The company has not yet published detailed information about how it stores, uses, and protects your data. That's common for a brand-new app, but for a product whose entire value depends on collecting personal behavioral information, transparency about data handling should not be treated as an afterthought.

What This Launch Means

Zest Maps is entering a competitive space. Large AI platforms like OpenAI and Google are pushing into local discovery through their own generalist AI assistants. The real question is whether a restaurant-specific app can build enough data about how people eat — and enough user loyalty to keep feeding it — to stay competitive against bigger platforms that have more users but less specialized knowledge.

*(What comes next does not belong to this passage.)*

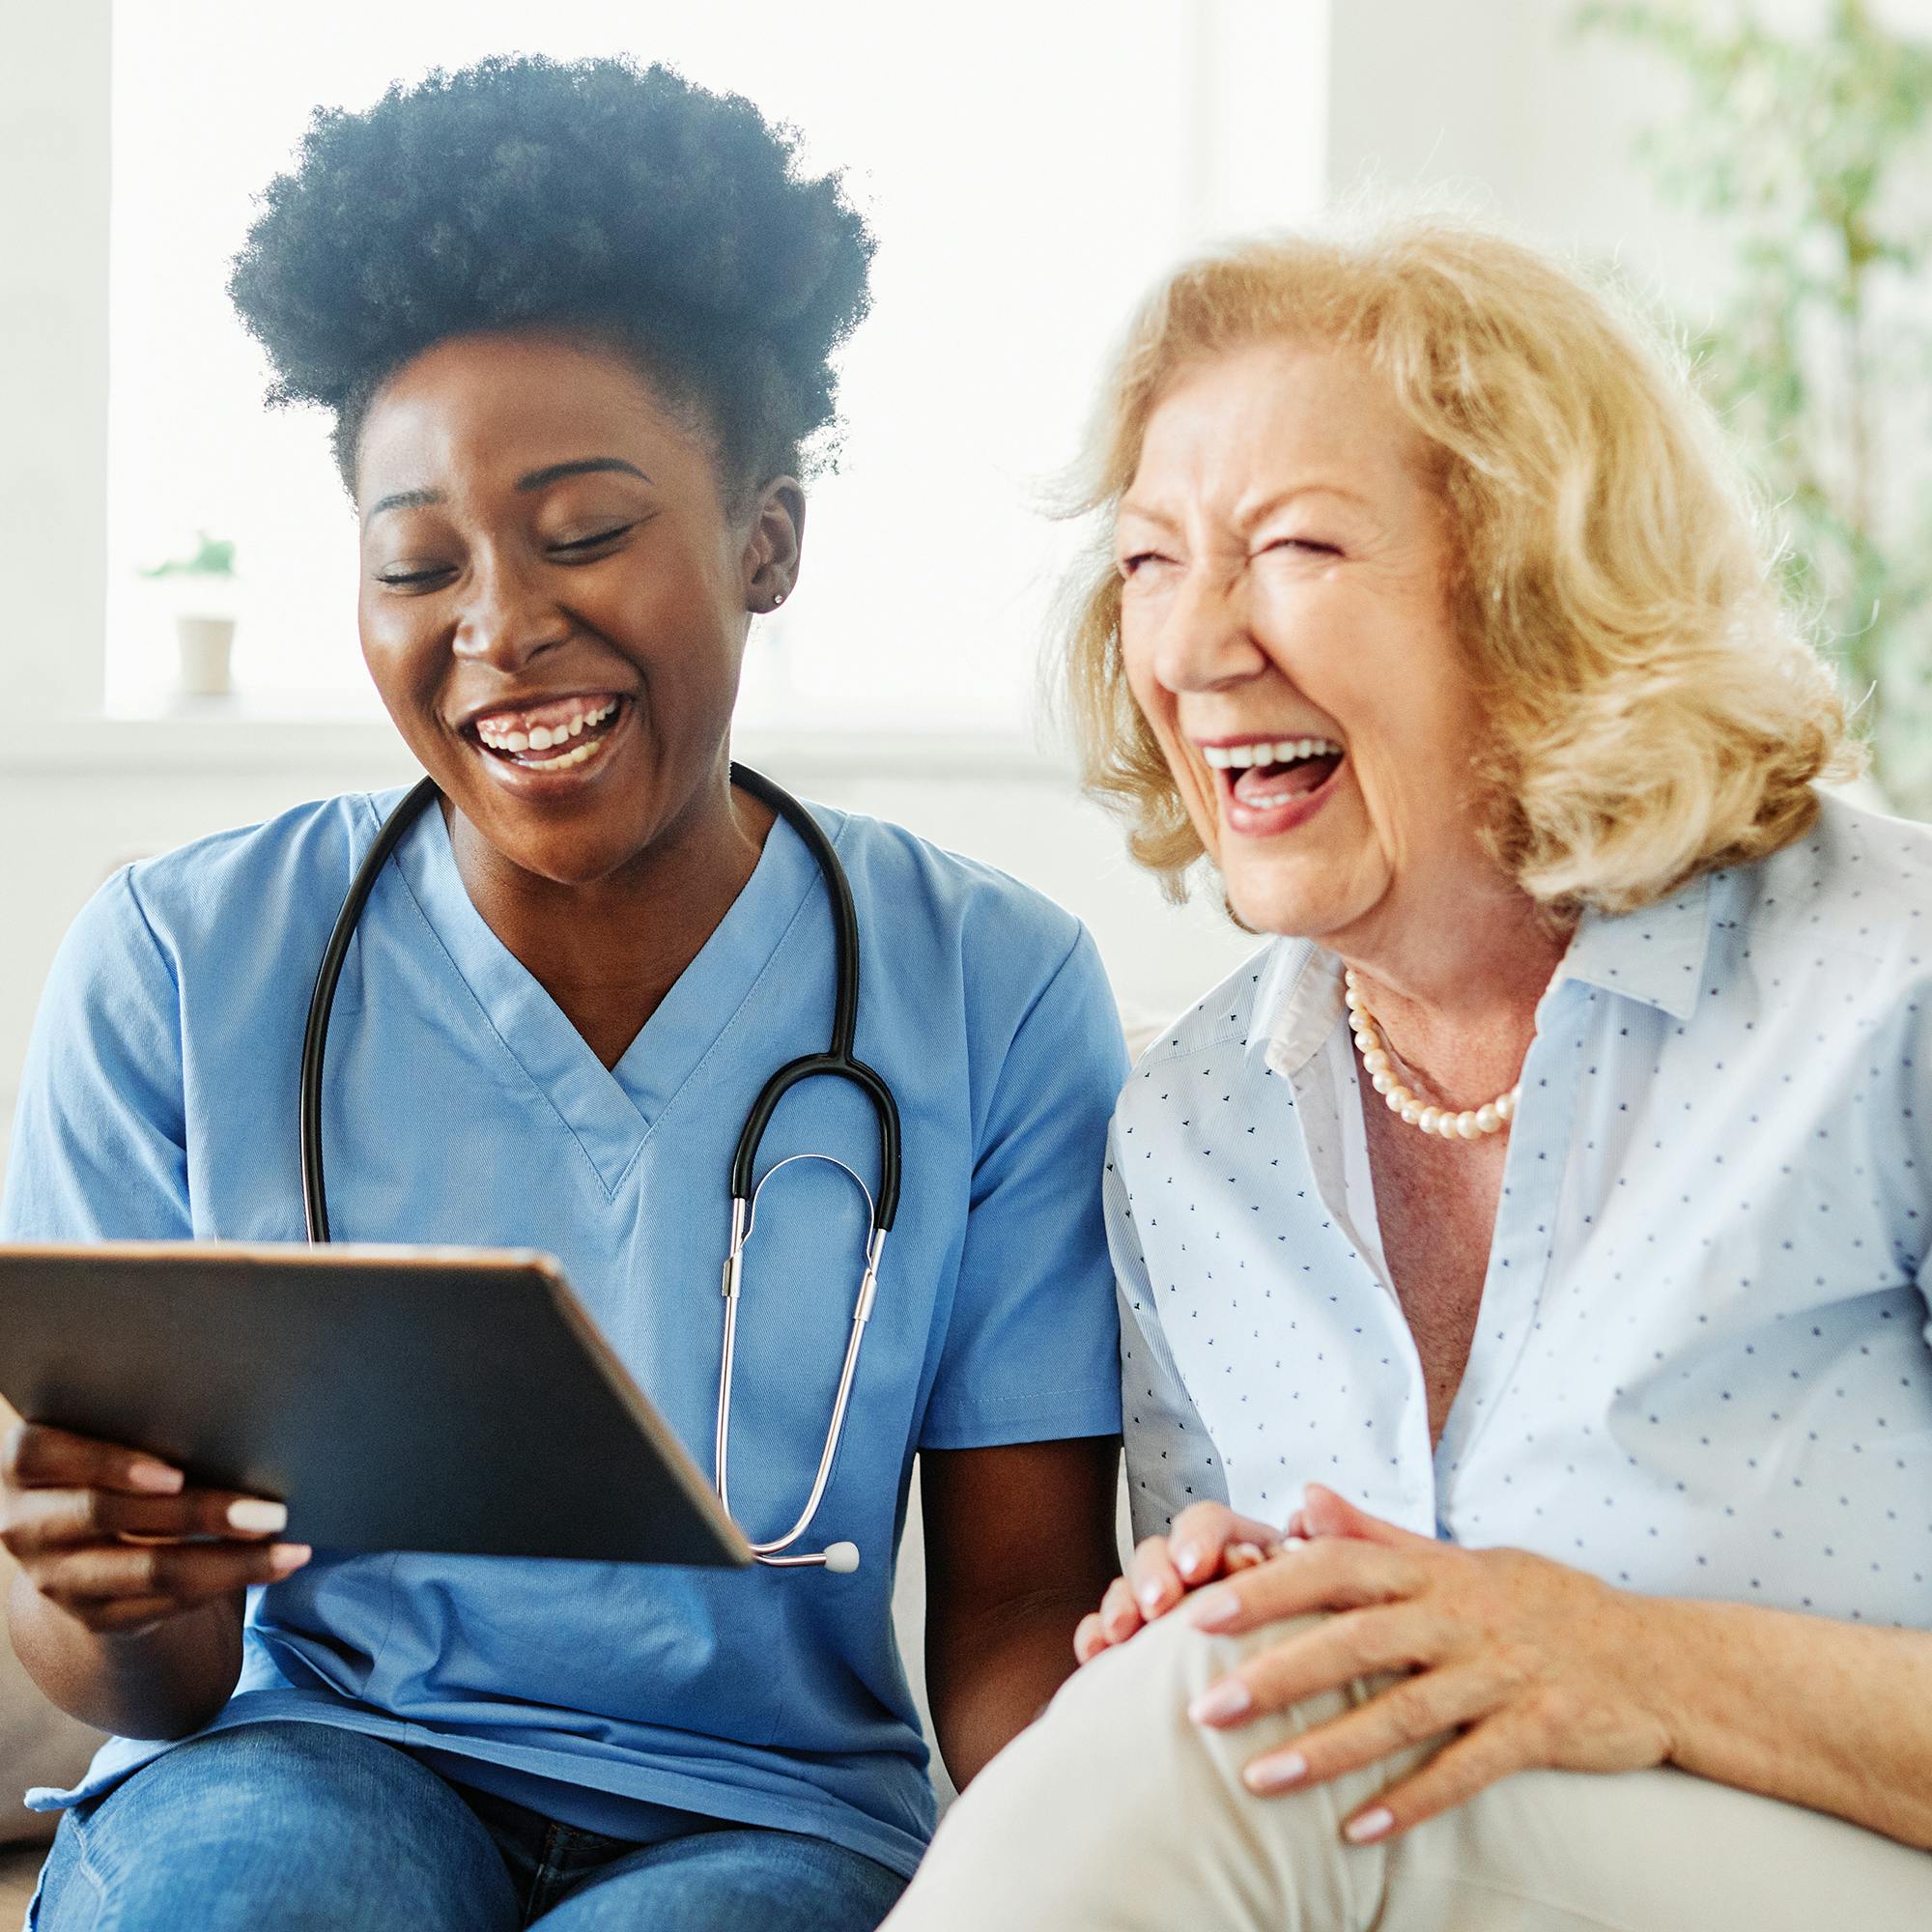 Elderly patient and nurse smiling together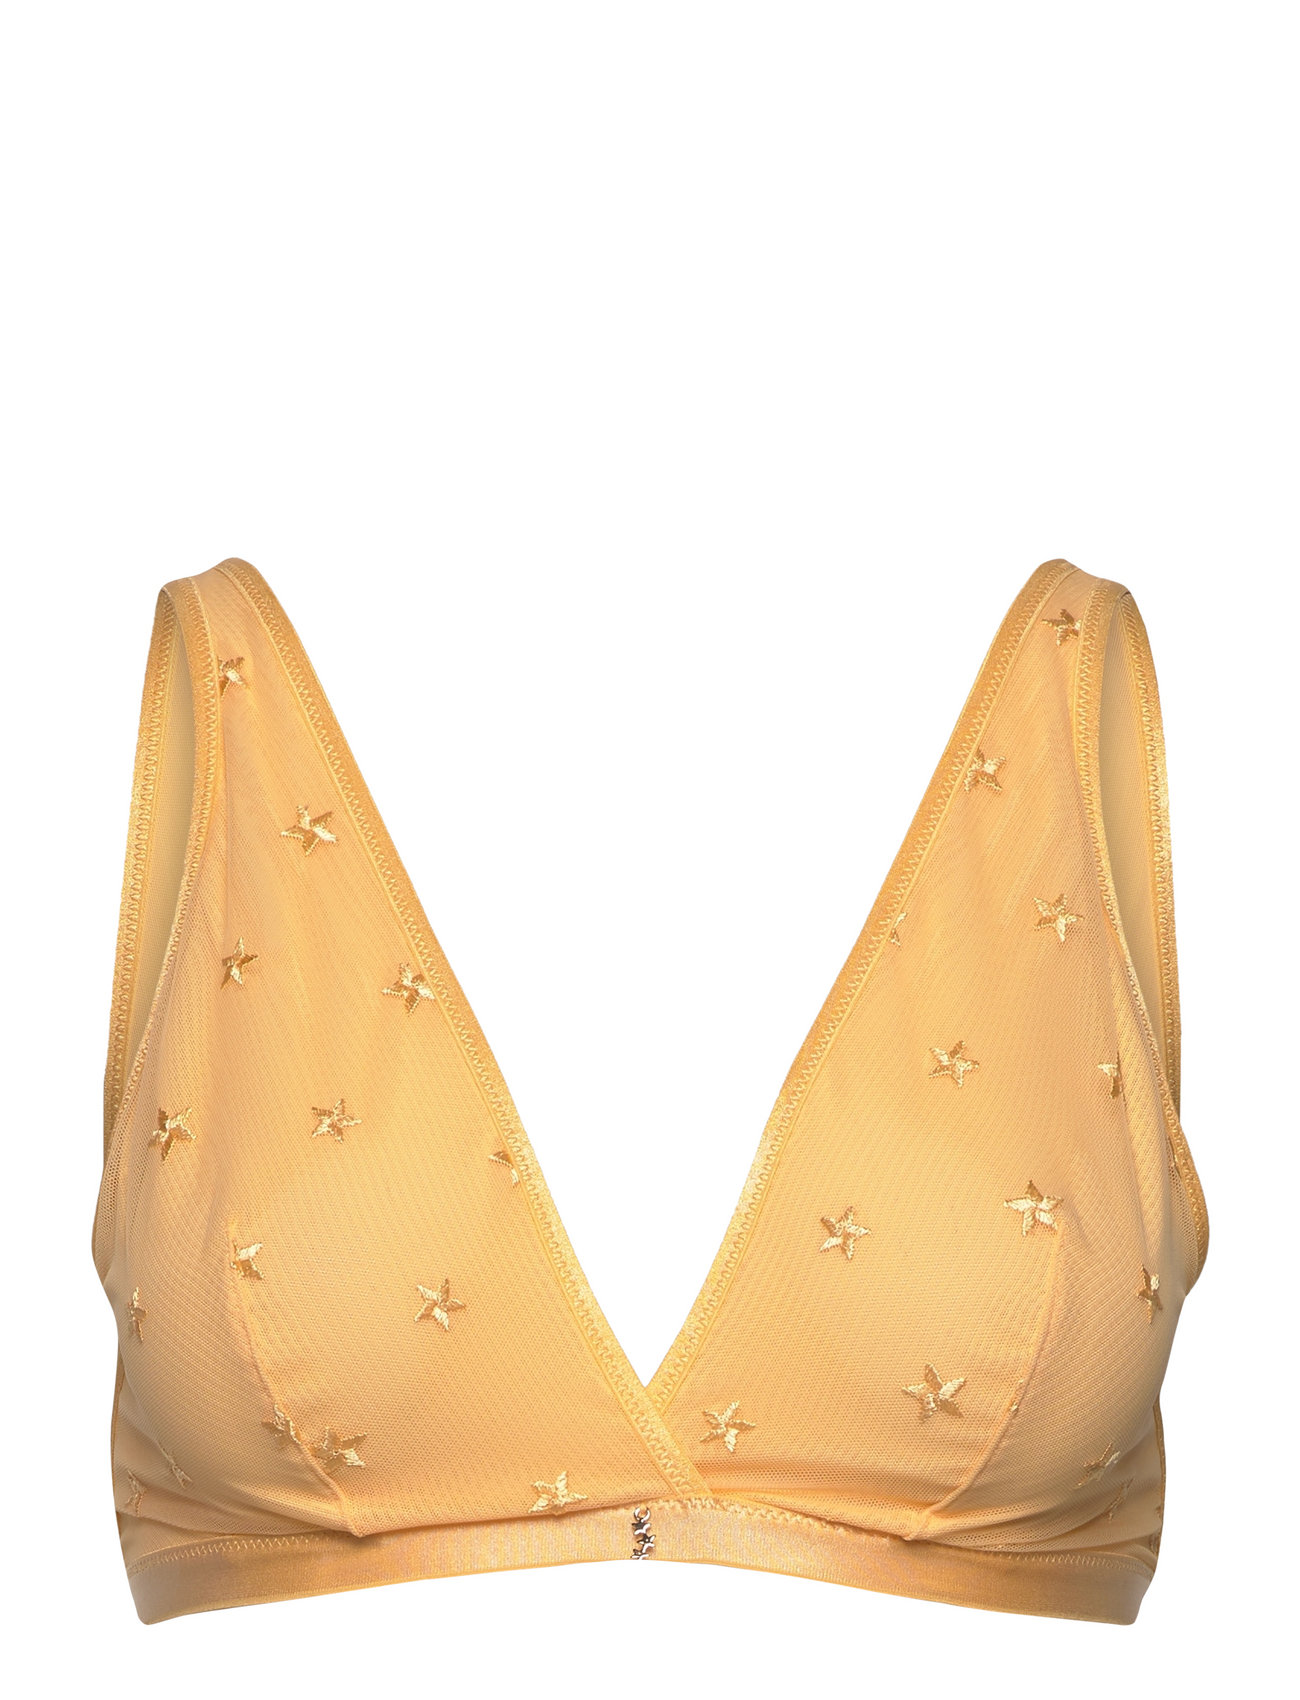 Women's bra Freya Snapshot Star - Underwear - Clothing - Women

In my view, the answer hinges on whether Zest Maps can build what's called a "proprietary data asset" — in this case, a deep, longitudinal map of dining preferences that a generalist platform simply cannot replicate. That kind of asset has sustained niche products in food, travel, and health. Whether Zest Maps can generate the user engagement needed to build that data advantage before running out of resources, or before a larger competitor replicates the idea, is the central question the company faces.

The product will ultimately be judged by one measure: how good are the recommendations, really, and does the app get better the more you use it? That's the only metric that matters in personalization.